Though i wonder who would want to do that - install gdb in a:/foo, install
debugee_v1 in b:/bar and install debugee_v2 in c:/zool...i mean, Windows
doesn't make it easy to install multiple things into multiple places, as you
have to add each 'bin' subdir to PATH, otherwise DLLs won't be found. This is
not scalable, and i wouldn't want to encourage anyone to do this.

> 

> By contrast, the .debug subdirectory of the binary's installation

> directory is searched by default by every GDB build, so it is safer.

> (You could also put the debug info file in the same directory as the

> binary, but that is less clean, IMO.)


This is why i didn't raise the issue originally - i actually do place dbg files
in the same directory as their binaries. It's not clean, indeed, but it worked,
works, and will likely always work. So gdb's inability to correctly find debug
files in a separate debug directory is not critical to me.

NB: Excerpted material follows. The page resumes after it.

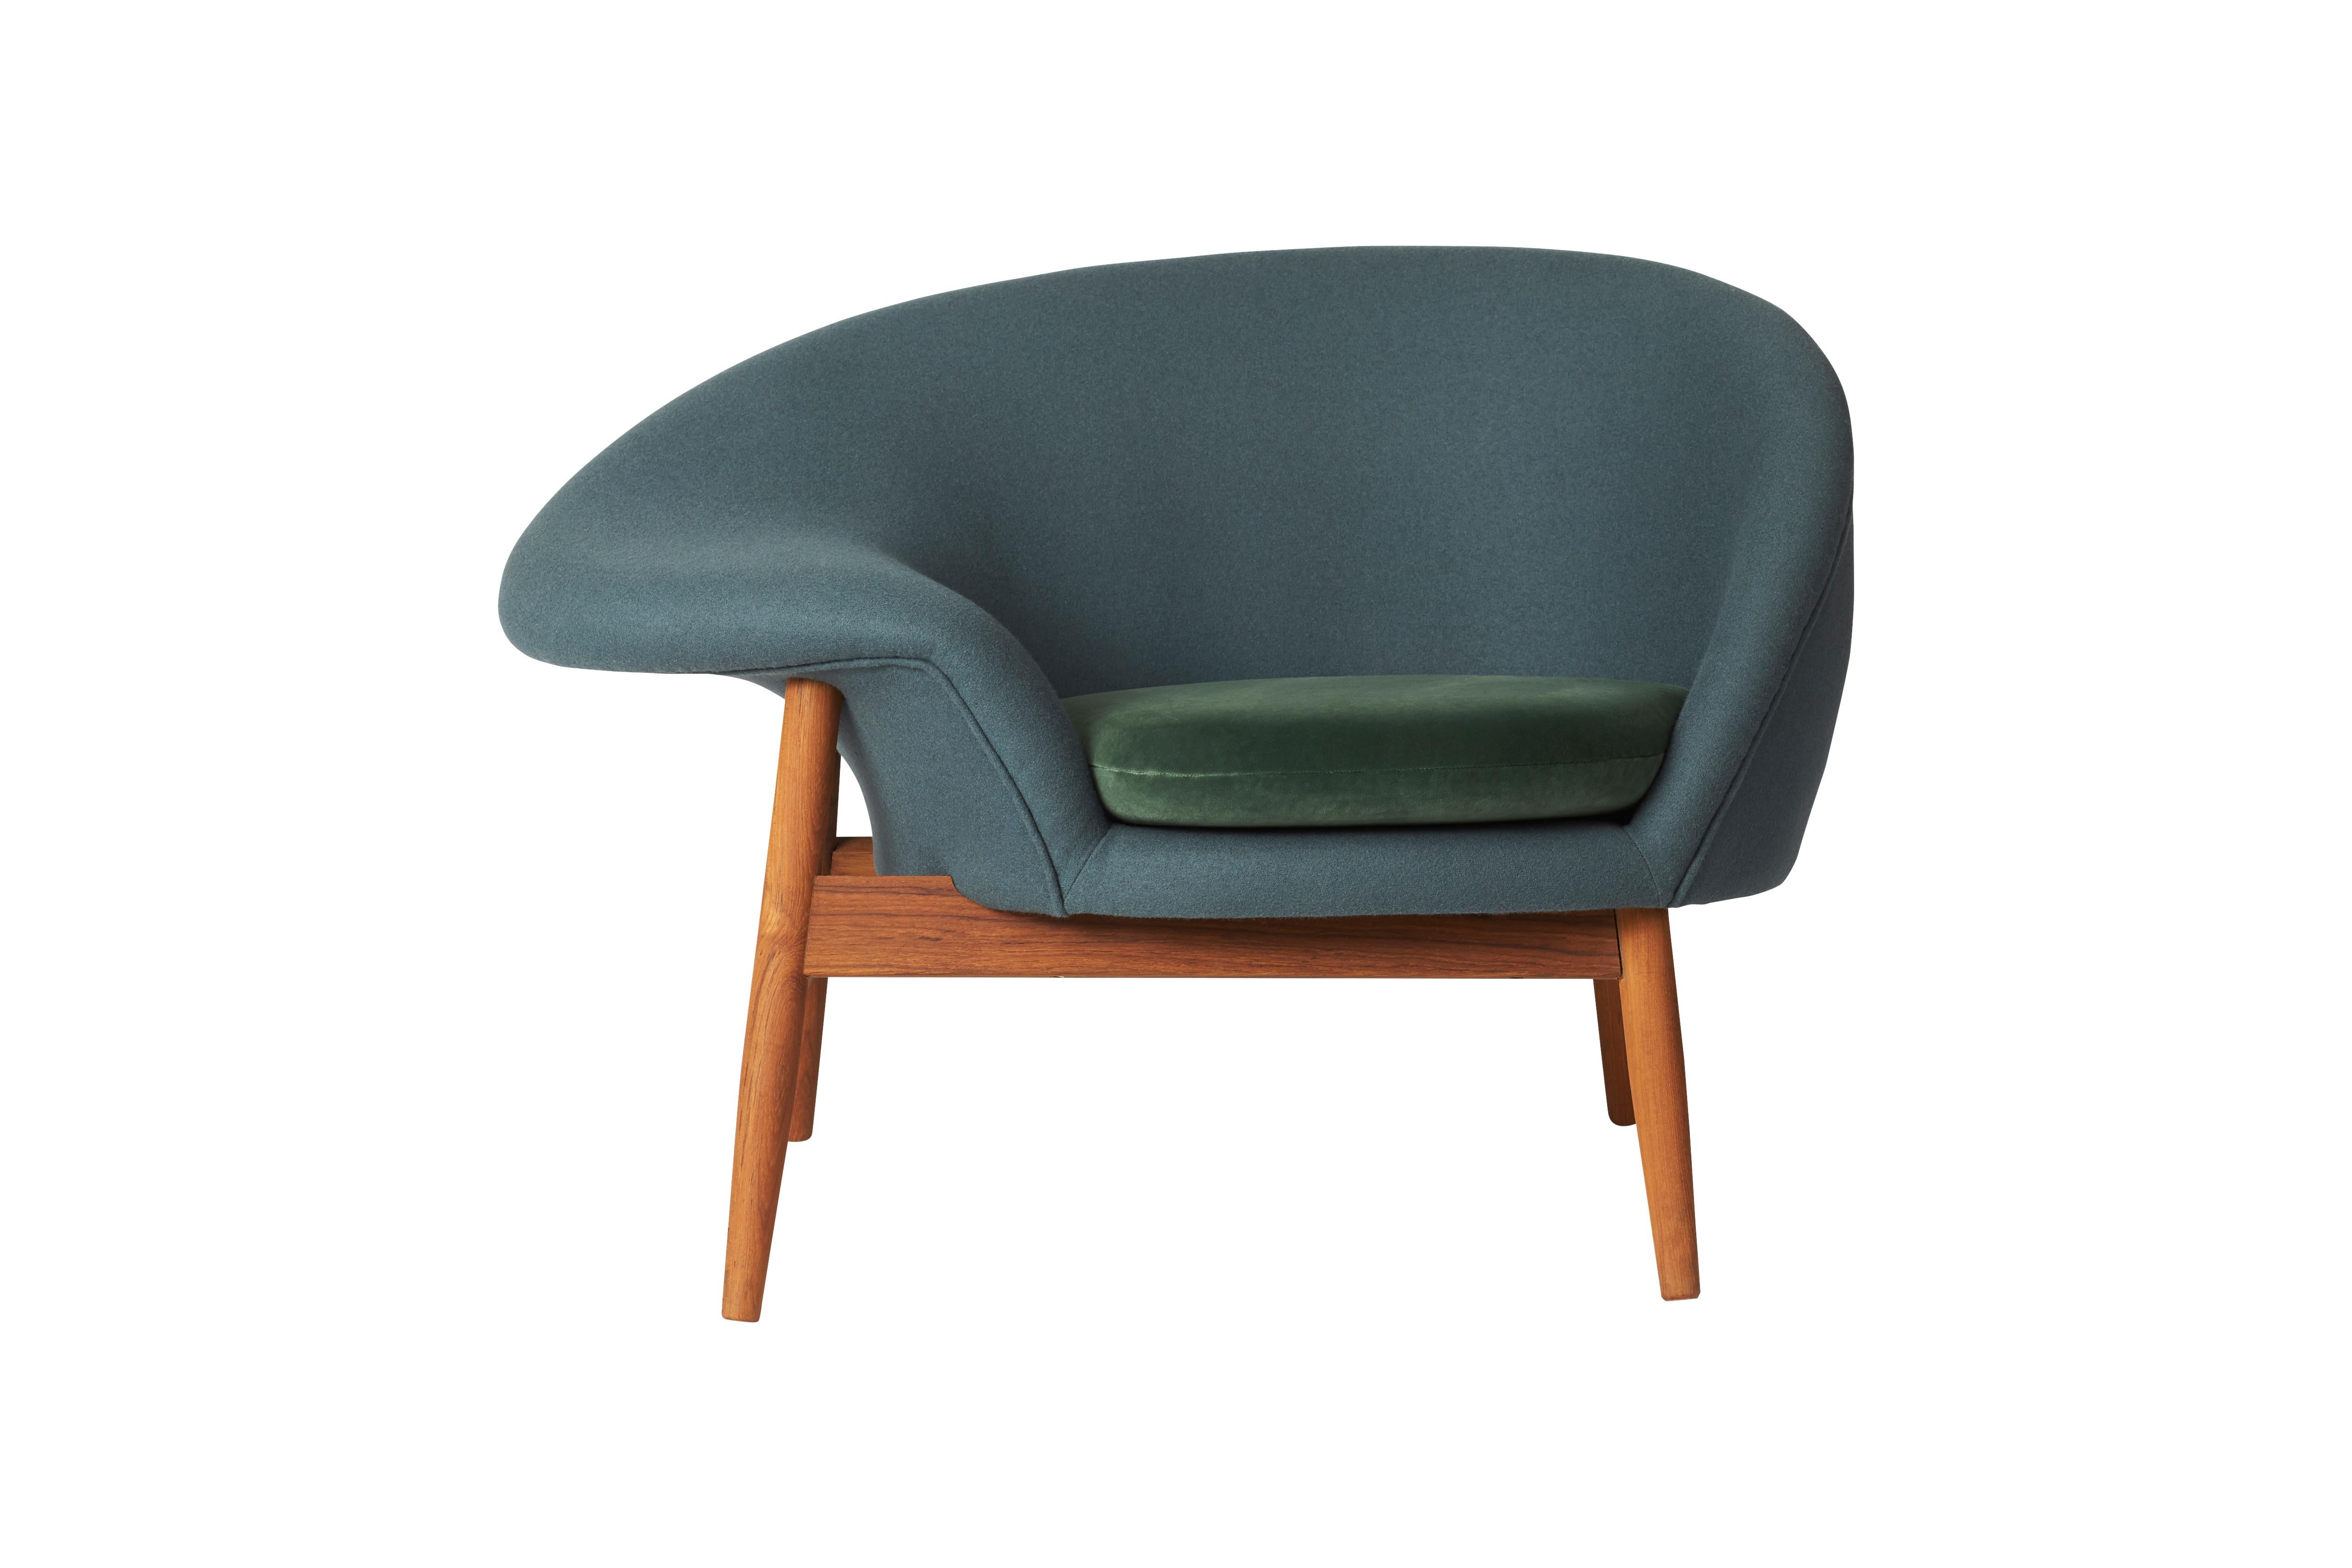 For Sale: Blue (Hero 991, Ritz 6381) Fried Egg Two-Tone Chair, by Hans Olsen from Warm Nordic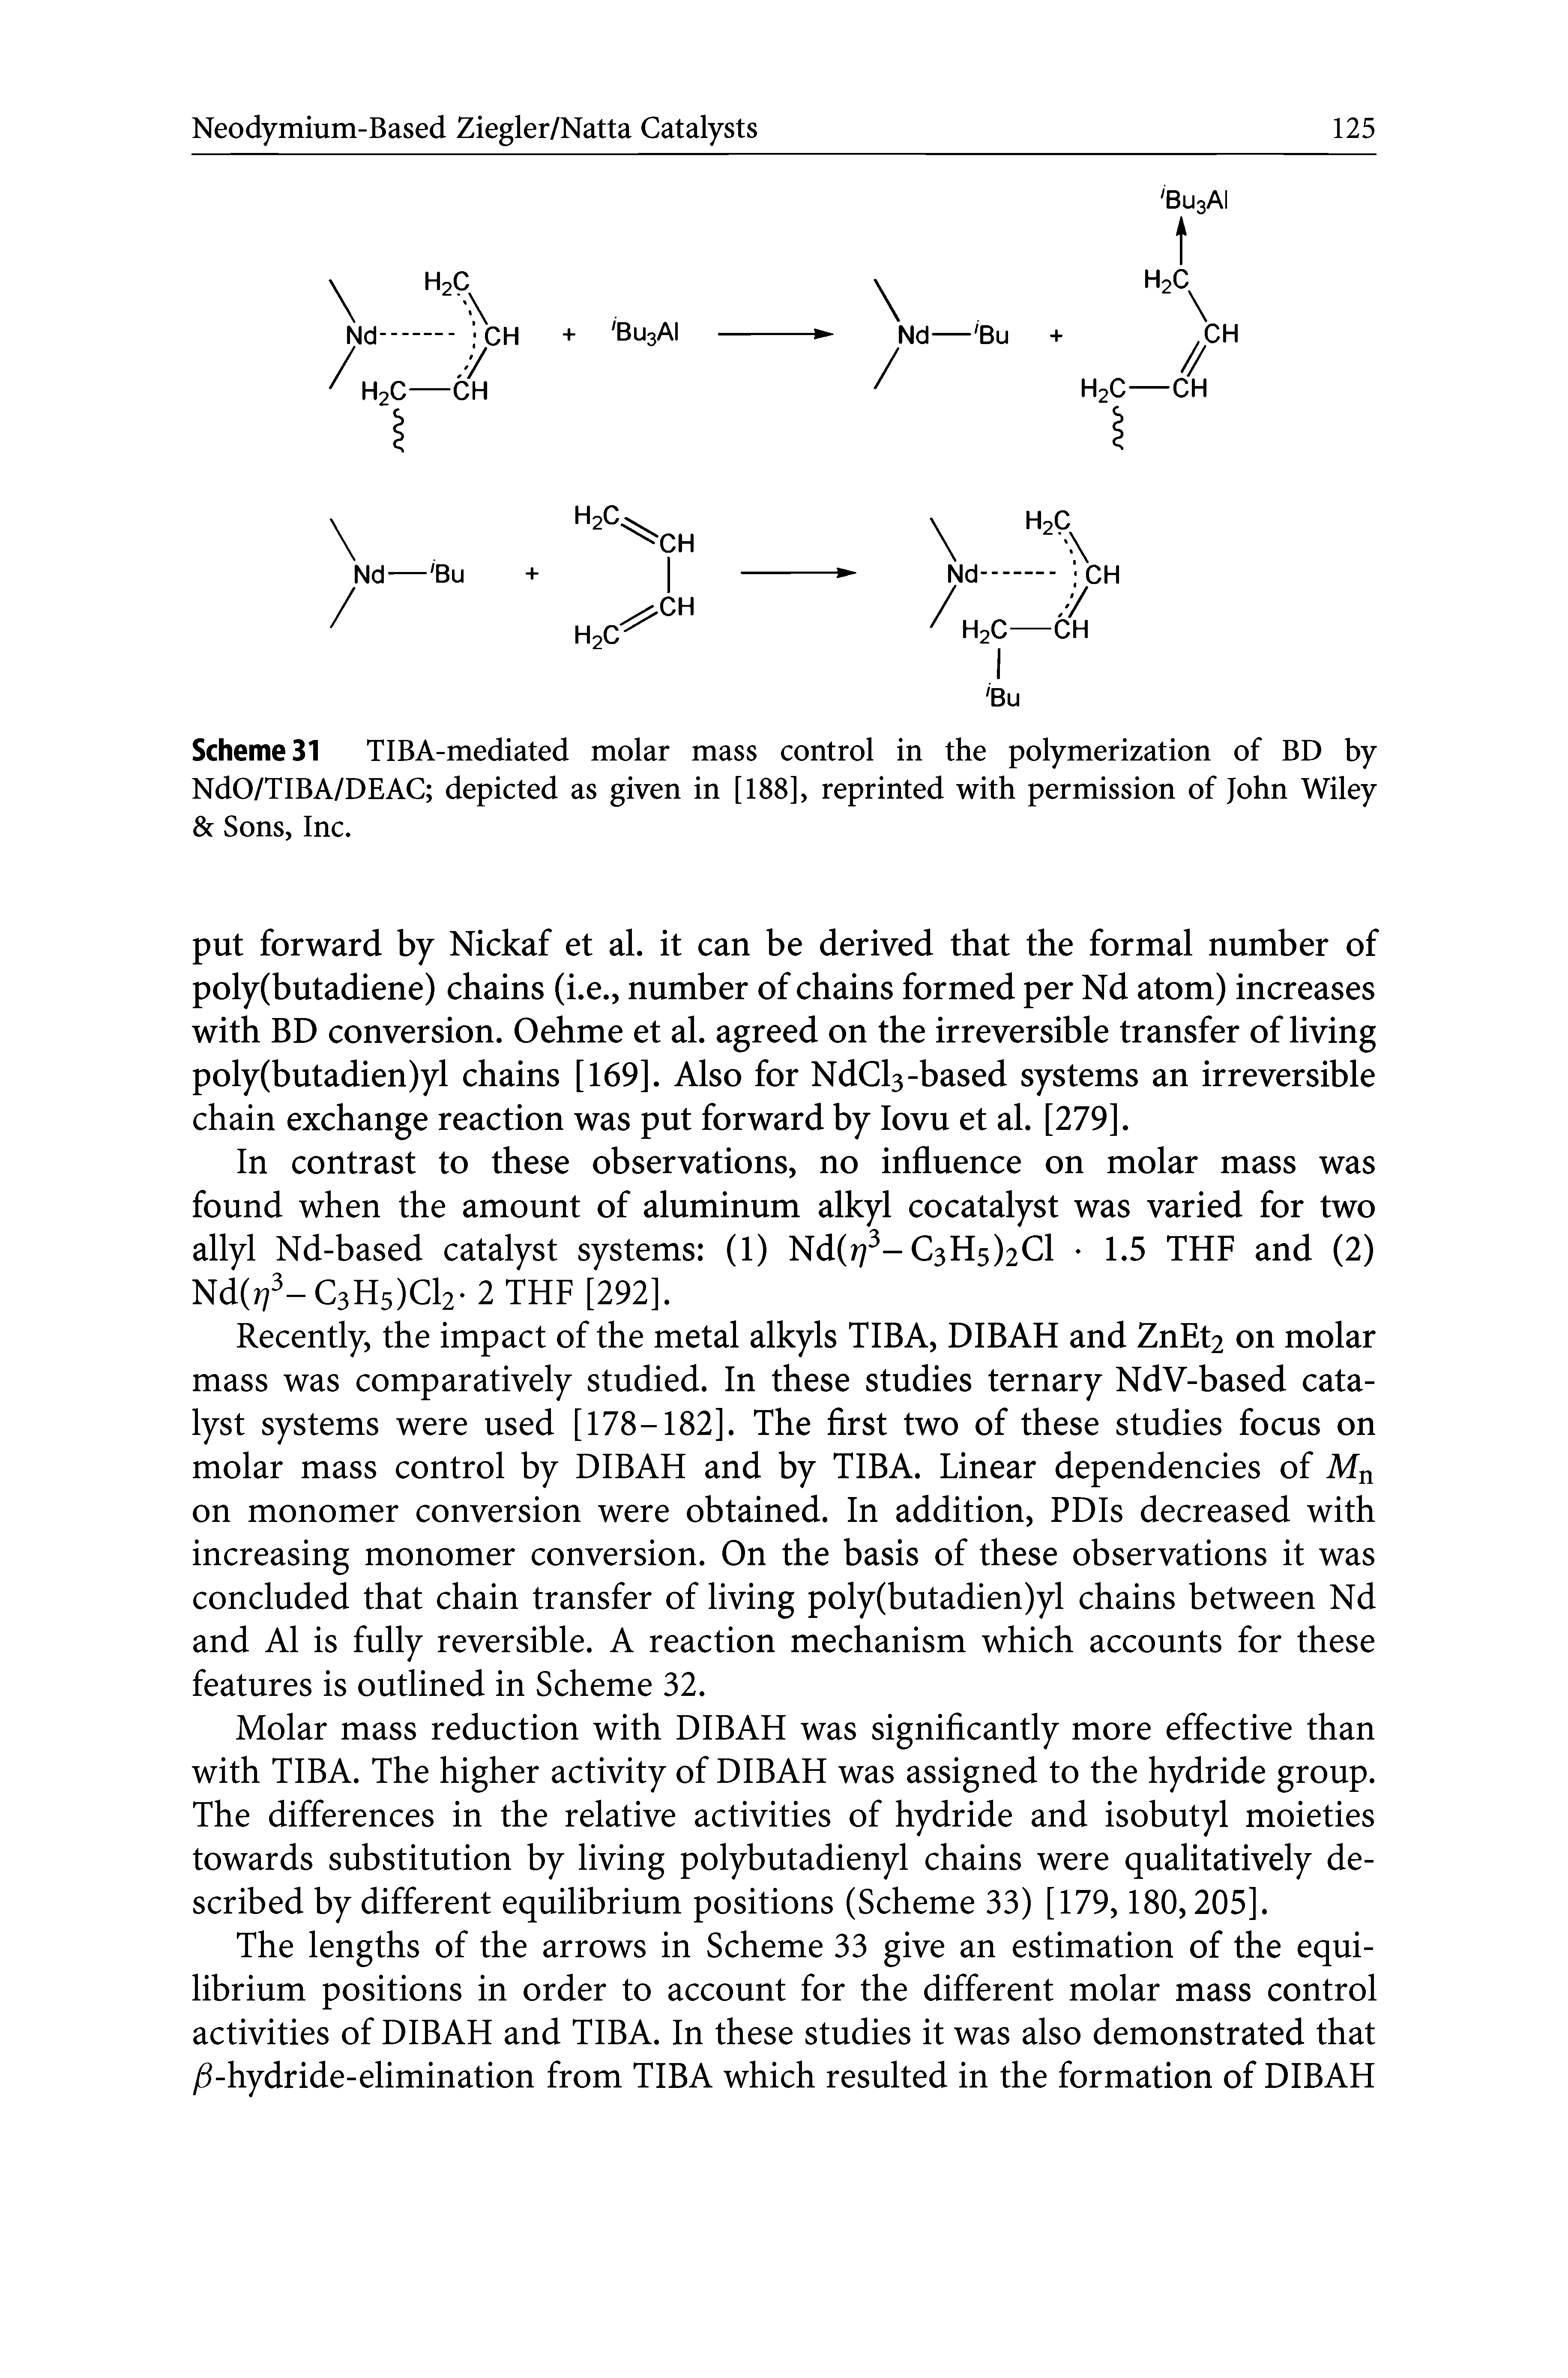 Scheme 31 TIBA-mediated molar mass control in the polymerization of BD by NdO/TIBA/DEAC depicted as given in [188], reprinted with permission of John Wiley Sons, Inc.

>>>> I.e. the path that gdb should look for should be:

>>>>

>>>> c:/some/directory/mingw/lib/debug/mingw/bin/foo

>>>>

>>>> or

>>>>

>>>> c:/some/directory/mingw/lib/debug/bin/foo

>>>

>>> This would deviate from what we do on Unix, so I'm opposed to it.

>>> Unless we also change the Unix behavior, of course.

>>>

>>

>> Looking for debug info for `/usr/bin/foo` in `/usr/lib/debug/usr/bin/foo` is

>> OK, and the paths i described above are exactly the same, not deviating - just

>> accounting for Windows specifics.

>> The specifics in this case being the fact

>> that on Windows there's no pre-defined root directory, so packages that want to

>> have a notion of a root directory have to pick *some* directory and consider it

>> "root". Usually it's autodetected at runtime as the parent of the bin

>> subdirectory where the binary is (conveniently, all binaries go into bin

>> subdir; and yes, this is problematic for plugins - but they usually don't need

>> to know where the root is). Once you consider the "c:/some/directory" part of

>> the paths above as "some path to root directory that we don't take into

>> account", everything becomes clear. (i'm explaining this just for the sake of

>> the argument, since you already know all this).

> 

> What you say will make sense only if people install software from a

> single source, like the MSYS2 project.


It also makes sense if everyone follows the convention. It's like FHS - no one
forces you to follow it, but everyone benefits if you do, because everything is
where you'd expect it to be.

>  But that is a dangerous

> assumption, IMO.


Dangerous how?

>  It is better to have a system that doesn't make such

> an assumption, especially since what I propose is more closely

> following what happens on Unix.


See below.

> 

>> As i've said, all these approaches are not mutually-exclusive, gdb can be made

>> to look in *all* of these places until it finds a debug file.

> 

> That would need to be a general feature, not limited to Windows.

> 


And yet that feature is a way to *both* follow an established convention for
Windows-installed Unix-originated programs *and* be able to install debugees in
multiple separate places with separate debug files that are correctly found by
a single instance gdb (which is also installed separately).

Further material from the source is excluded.